Tom Hamilton, Guardians radio broadcaster

You will recall with some sense of titillation that Guardians cloutsman José Ramírez recently presented a more-than-willing Tim Anderson with a one-way ticket to Gadzooks Avenue via this ringing konk on the bonebox: 

The thing about the haymaker is that, no matter how poorly conceived and executed, sometimes it still makes hay. Hay hath been made at the demonstrable expense of Tim Anderson's jaw. We're not really here to talk about that, though. What we're here to talk about is Guardians radio broadcaster Tom Hamilton and his soaring narration of this exchange of soupbones. 

Human speech is almost always loud and stupid and diminishing to all who hear it and should be undertaken only when necessary. What follows, though, is an exception. The only instances in which human speech is welcome is when it serves to chronicle acts of barbarity into oral tradition. Those who recount bloodshed in such a species-enriching way are unto themselves a rare phenomenon known among social scientists as Violentiam Oris, or, as translated from that original Latin, "Violence Mouth." 

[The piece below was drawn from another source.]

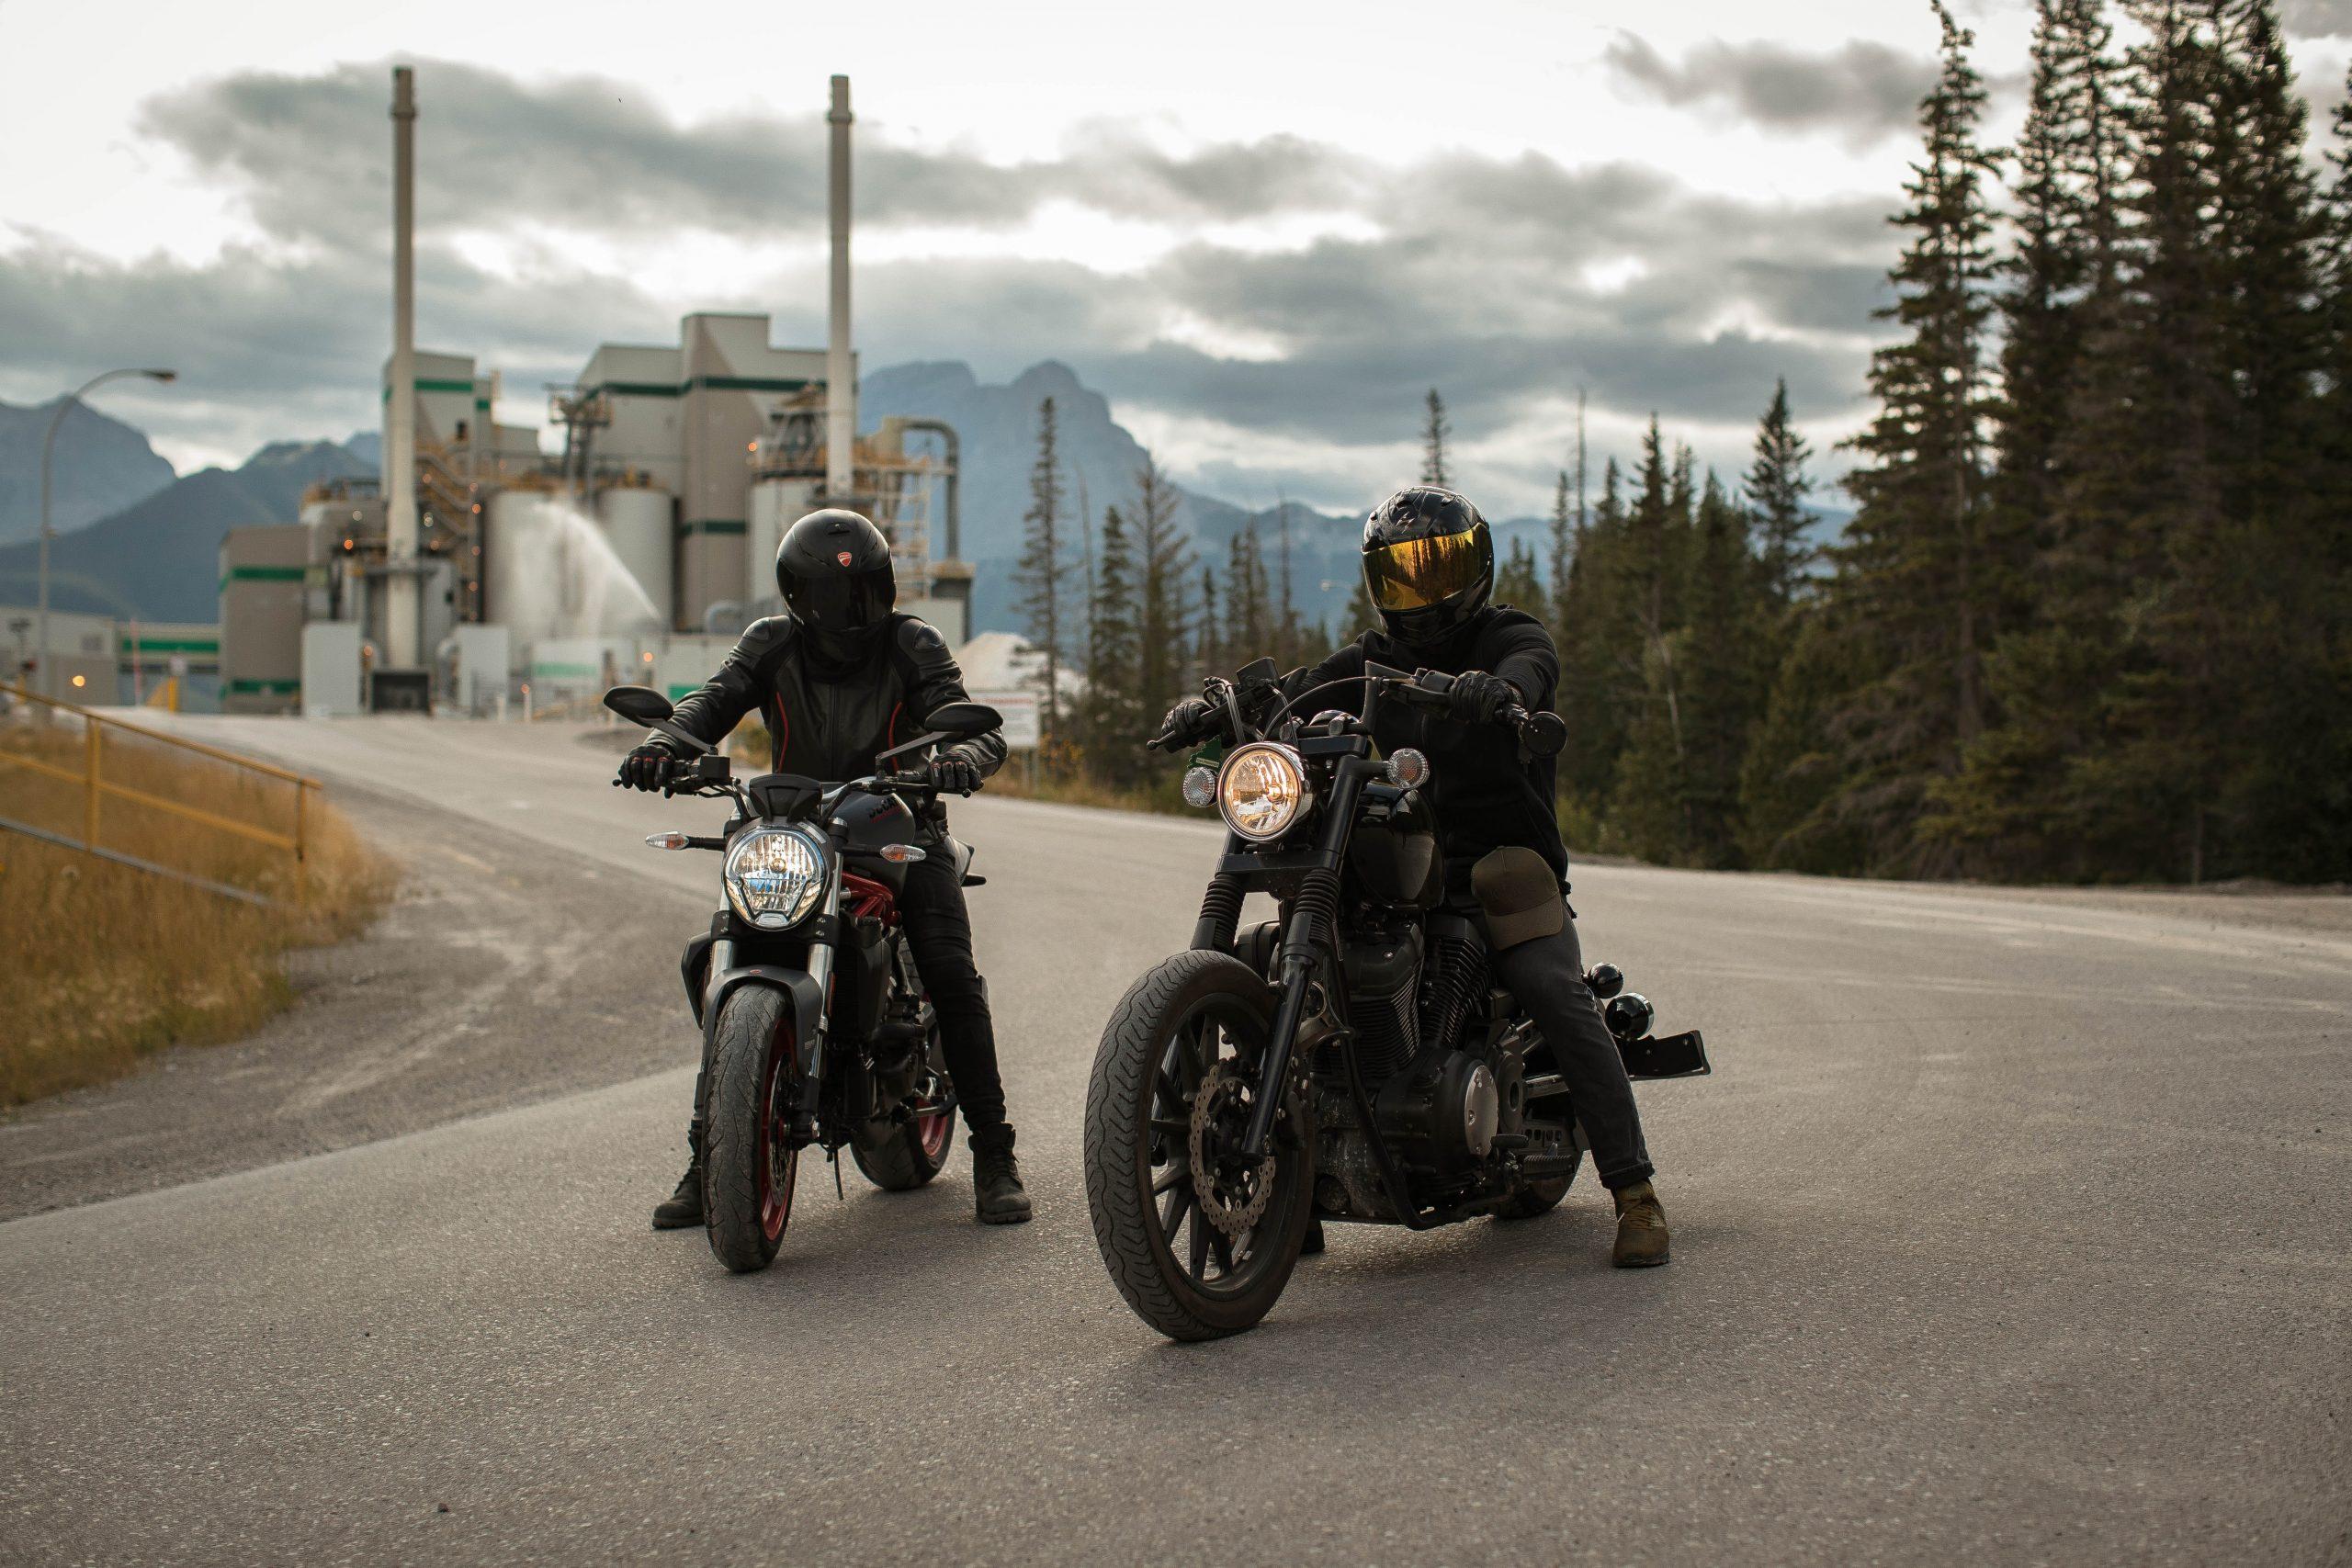 Koniec sezonu motocyklowego – na jakie zloty warto się wybrać?

The Violence Mouth honorific has previously been bestowed upon just three individuals throughout the sprawl of history: Homer, Parthenius of Nicaea, and Gordon Solie. Now, though, Tom Hamilton has joined the scarce ranks because of these words, which forevermore shall remain sketched upon the infield dirt behind second base at Progressive Field or whatever they're calling it now: 

Down goes Anderson, but up go the vast remainder of us for having heard the sky-scraping words of Tom Hamilton, Violence Mouth.